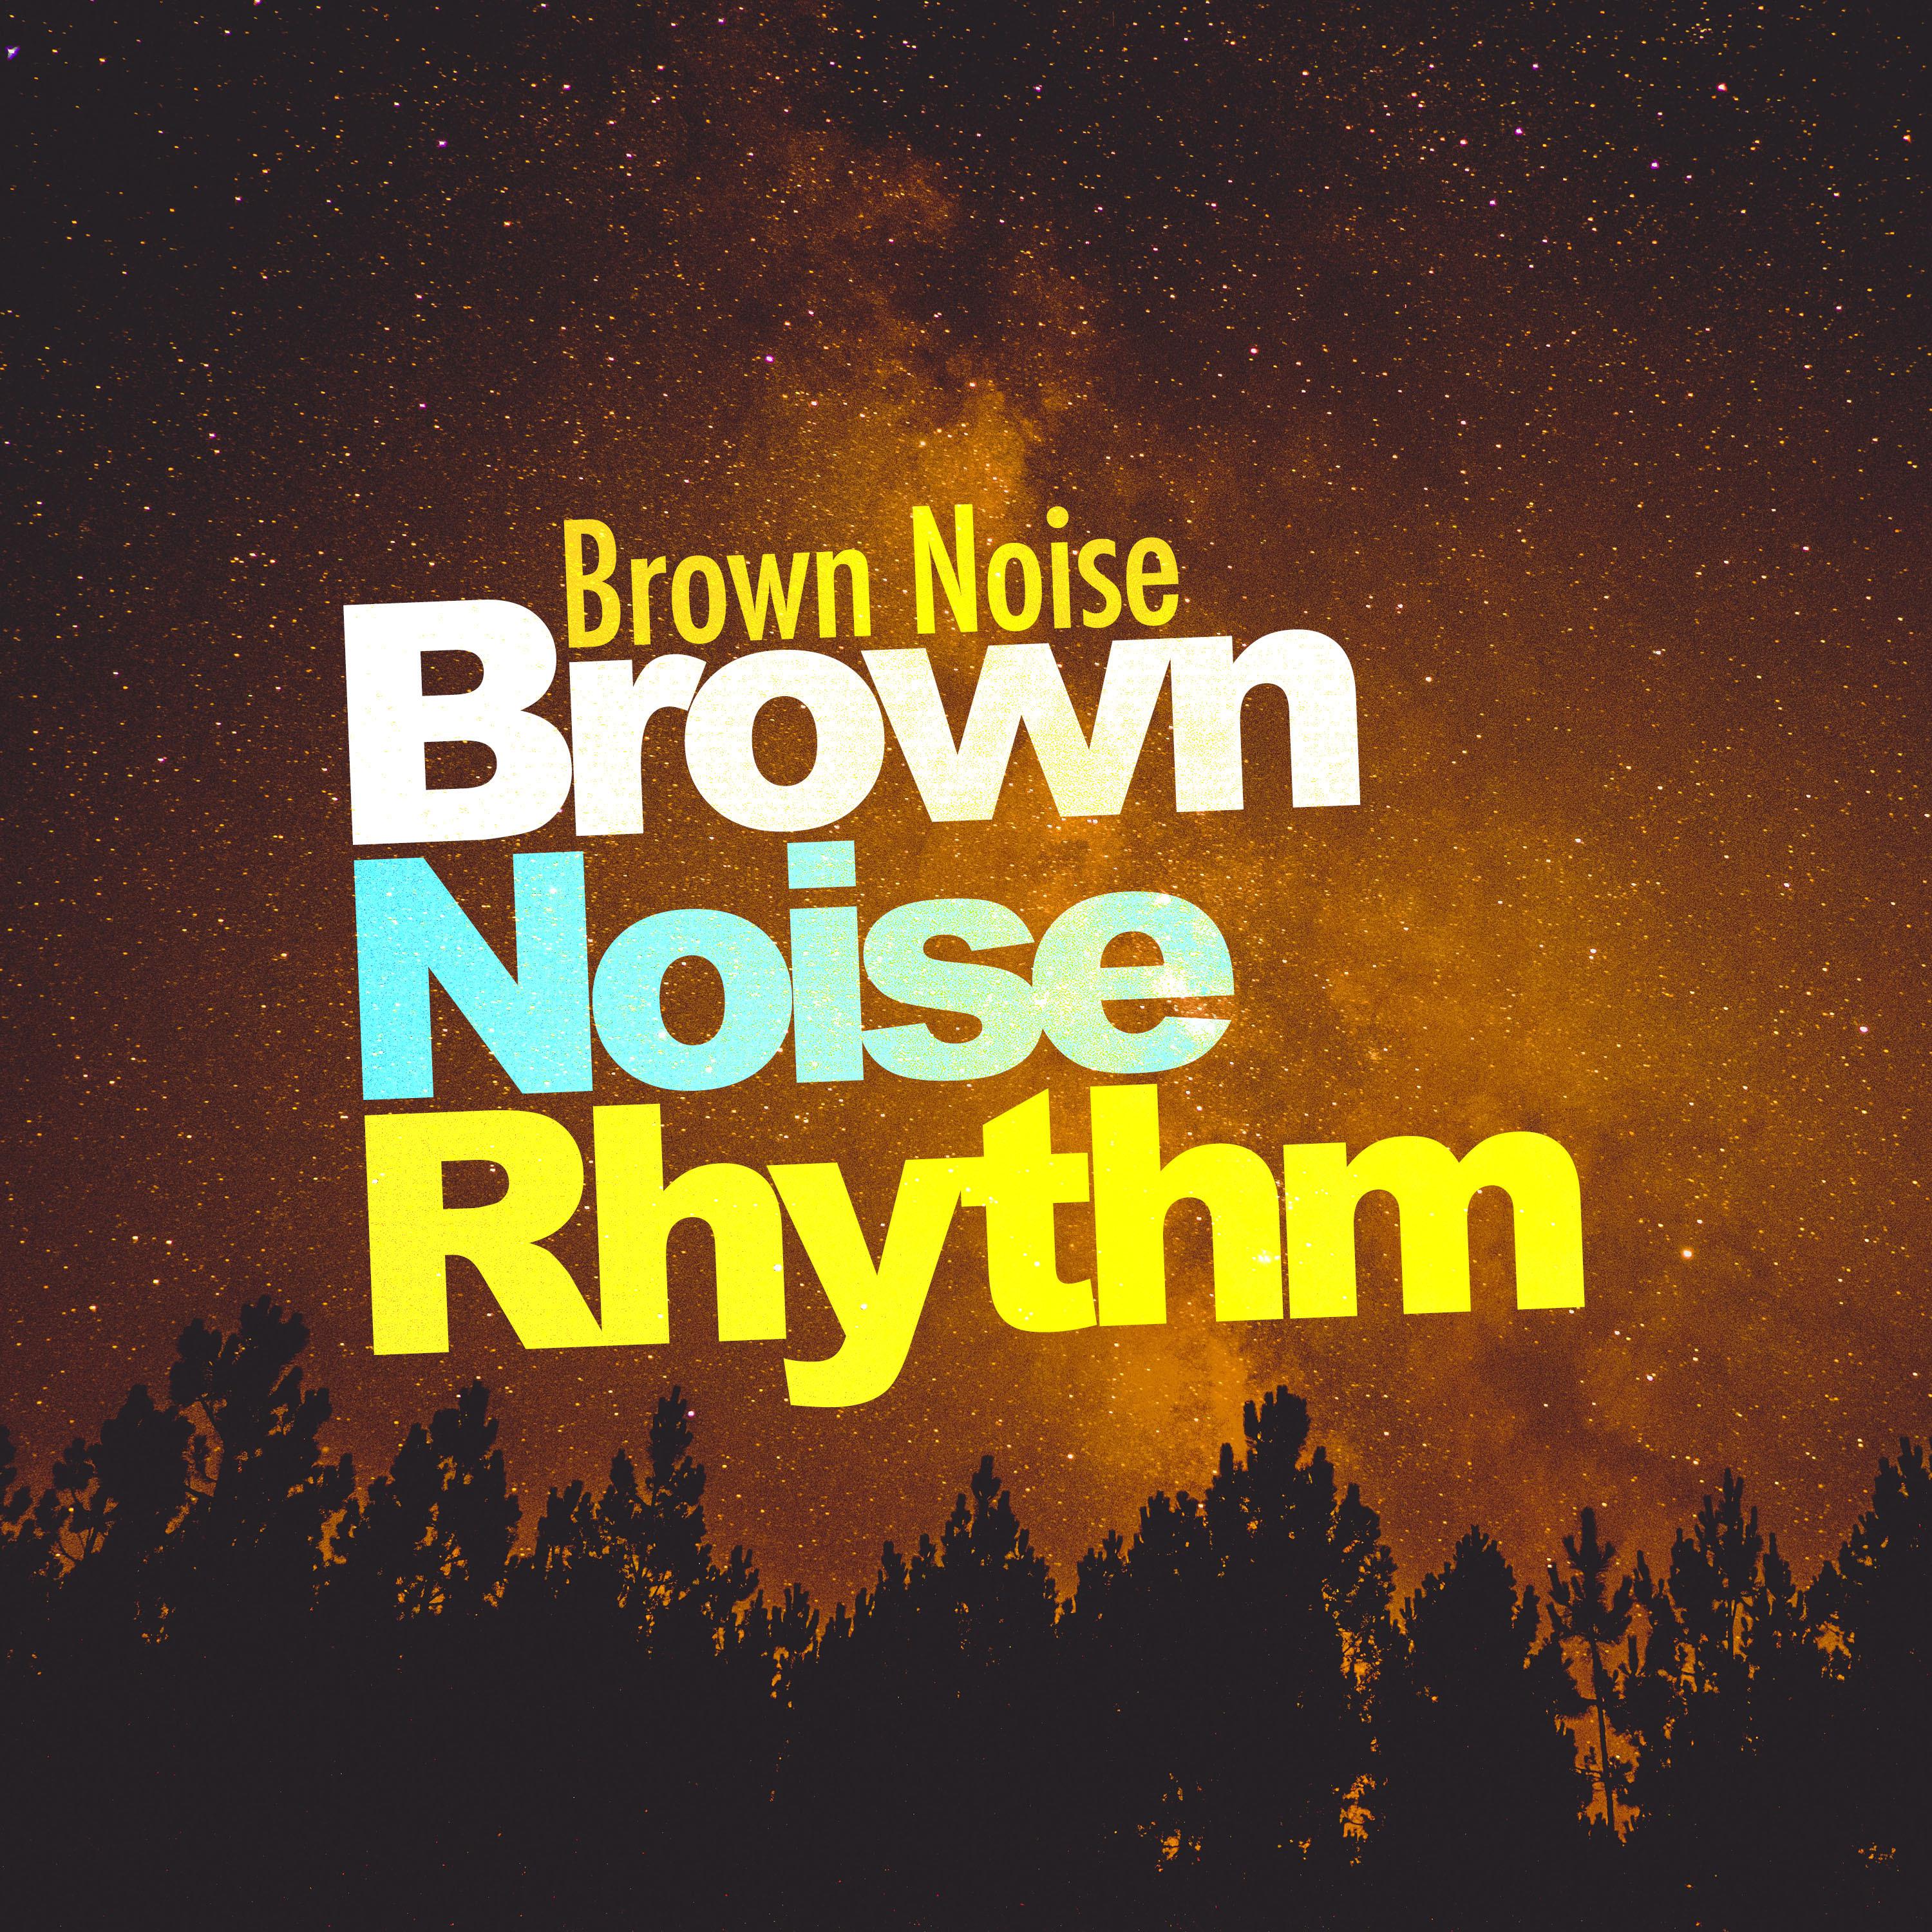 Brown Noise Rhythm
---
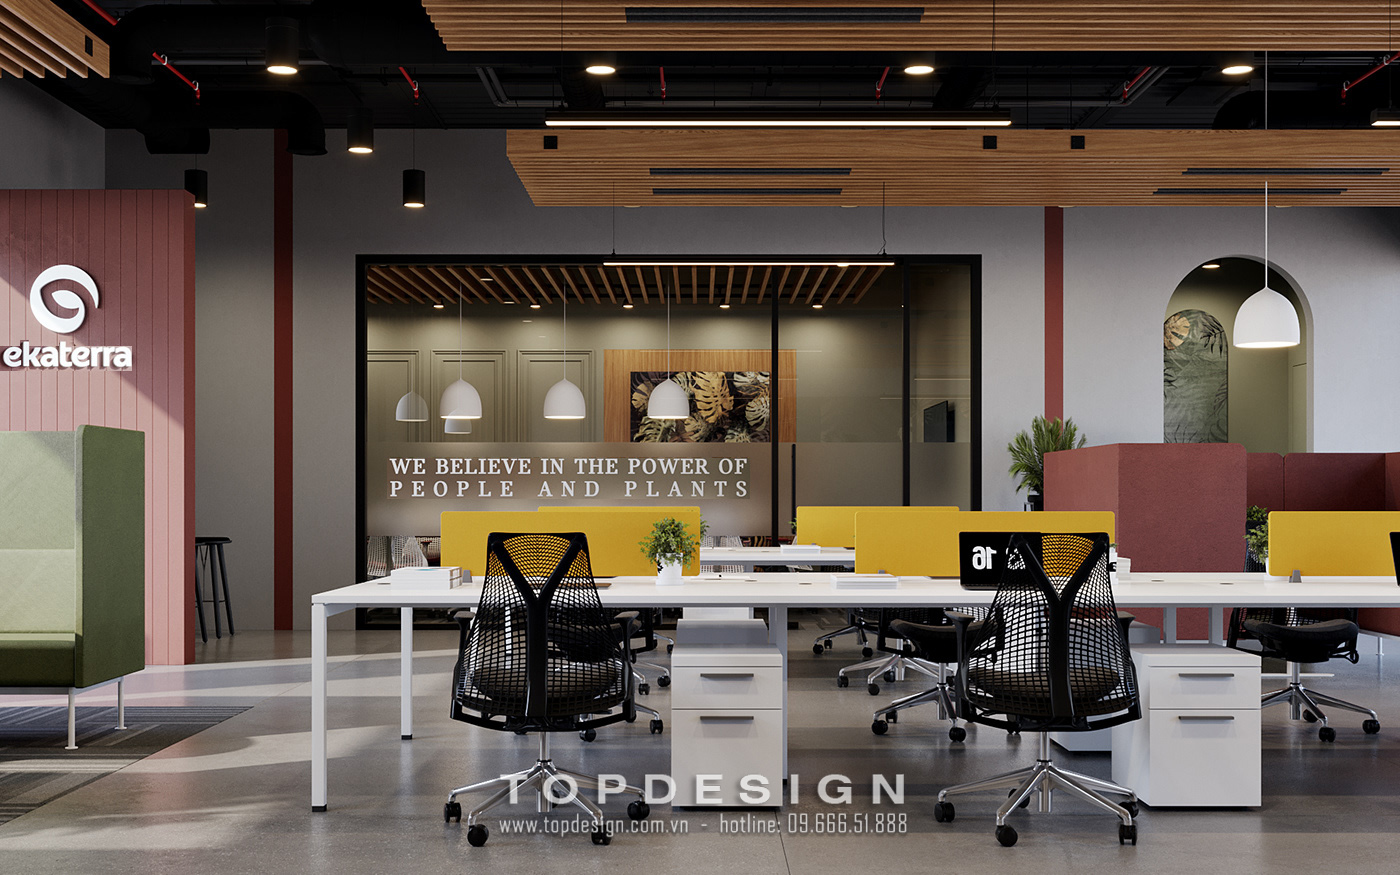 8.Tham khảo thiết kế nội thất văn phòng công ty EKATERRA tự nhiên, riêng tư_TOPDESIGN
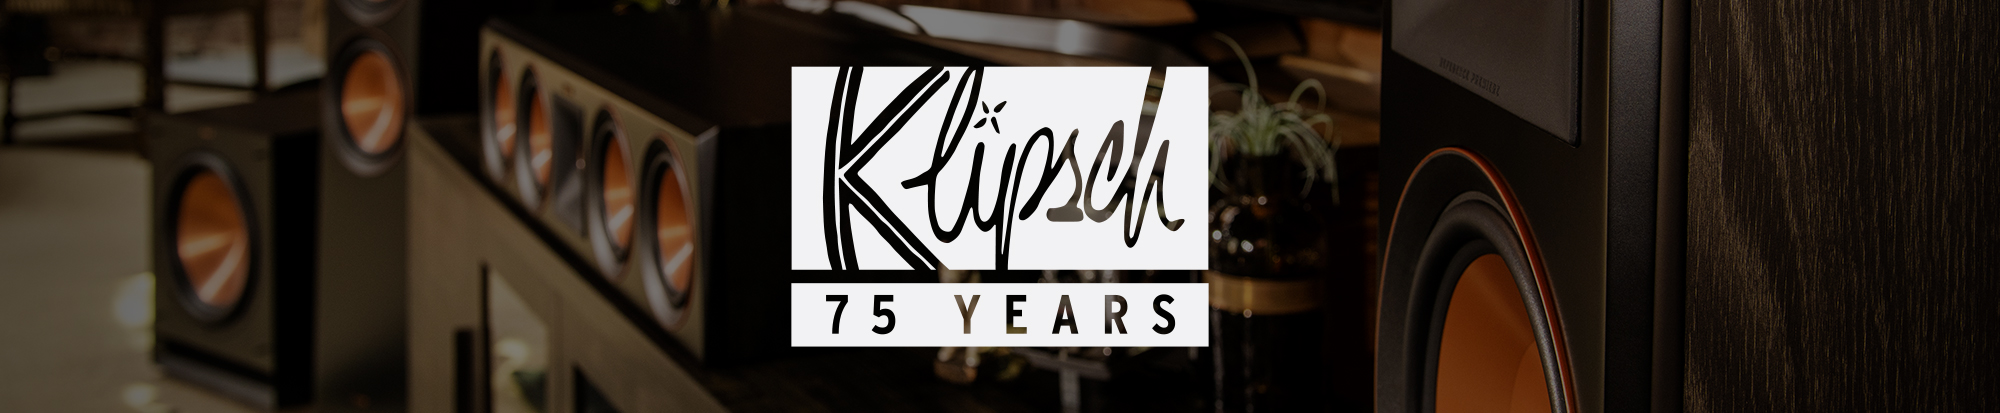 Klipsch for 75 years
...
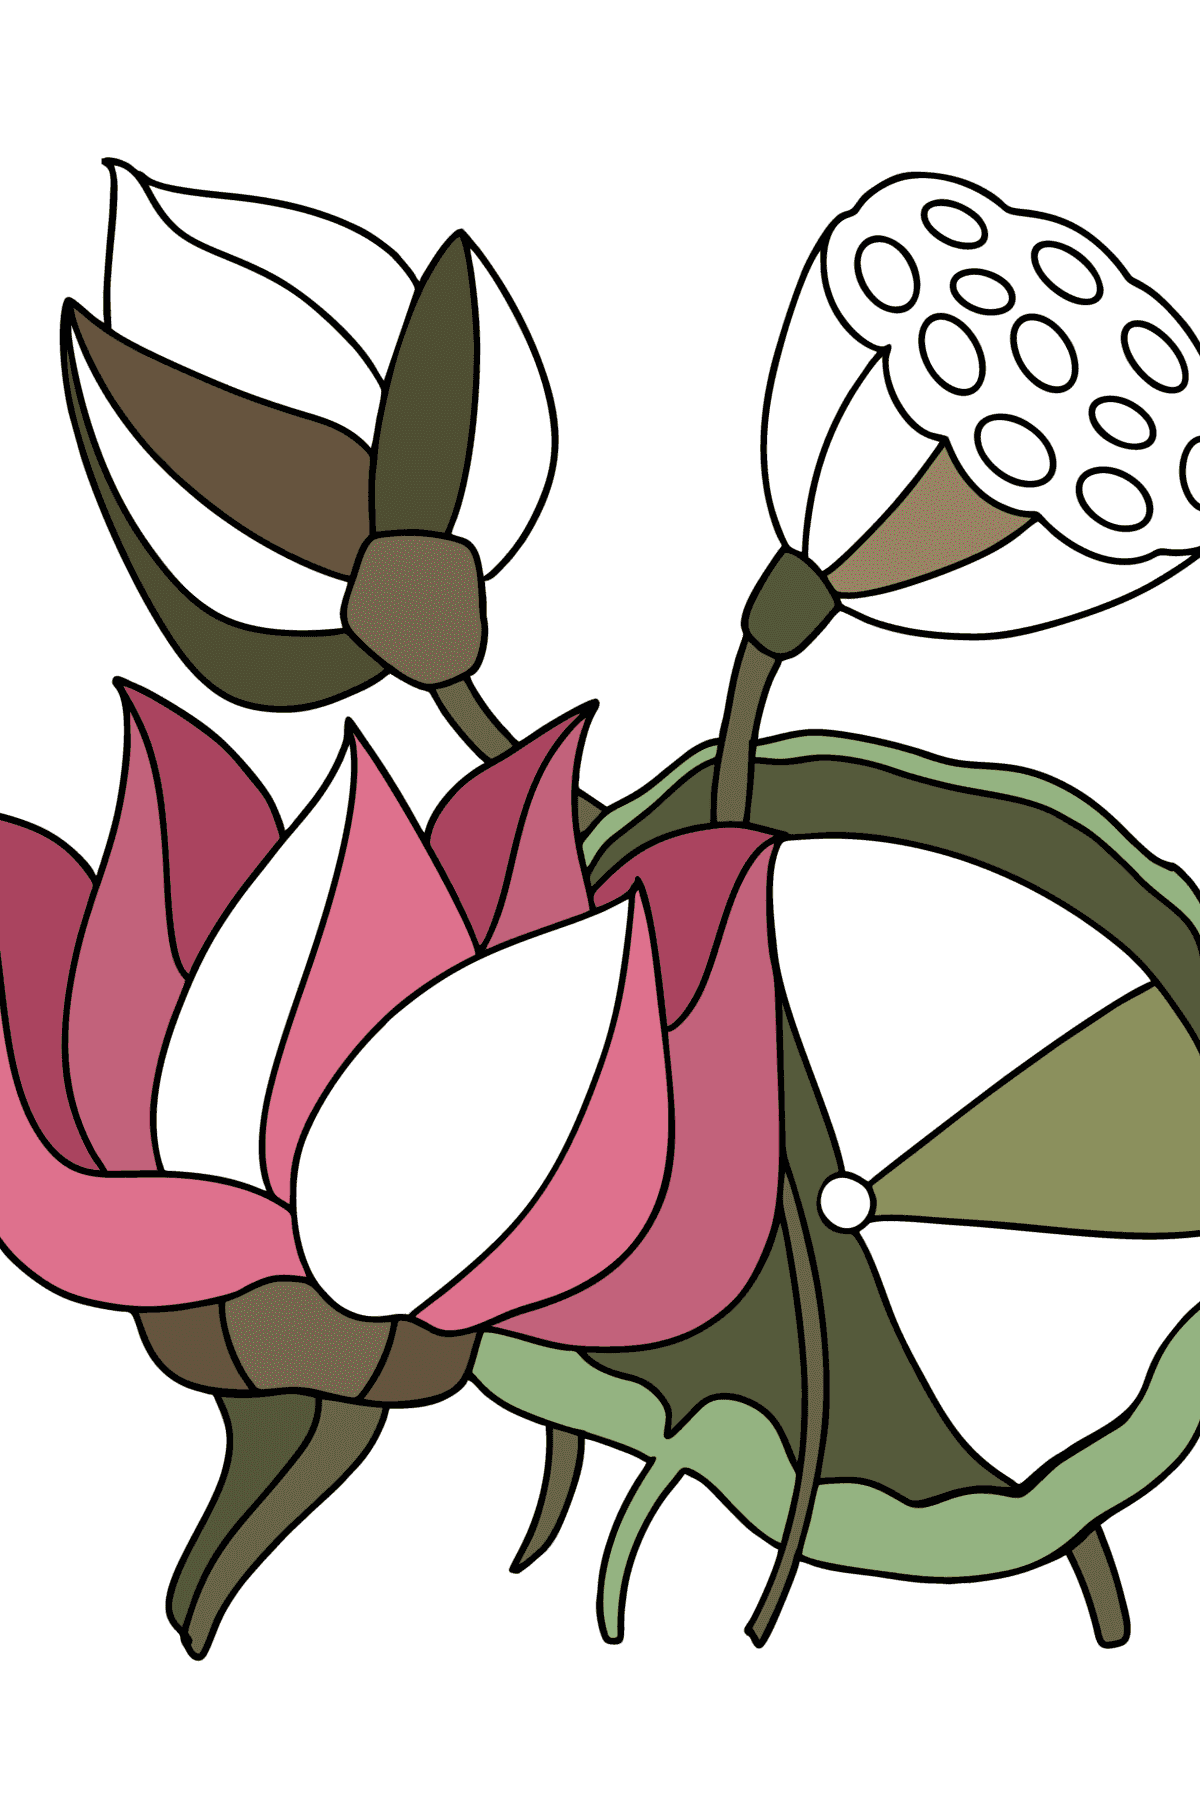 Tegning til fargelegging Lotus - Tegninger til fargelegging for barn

◆ WHAT IS NEEDED
What you write must match the listing exactly, from the line with "8.Tham khảo thiết" up to and including the line with "Klipsch for 75 years". Pictures stay out.

◆ WRITTEN REPLY
 8.Tham khảo thiết kế nội thất văn phòng công ty EKATERRA tự nhiên, riêng tư_TOPDESIGN
 Klipsch for 75 years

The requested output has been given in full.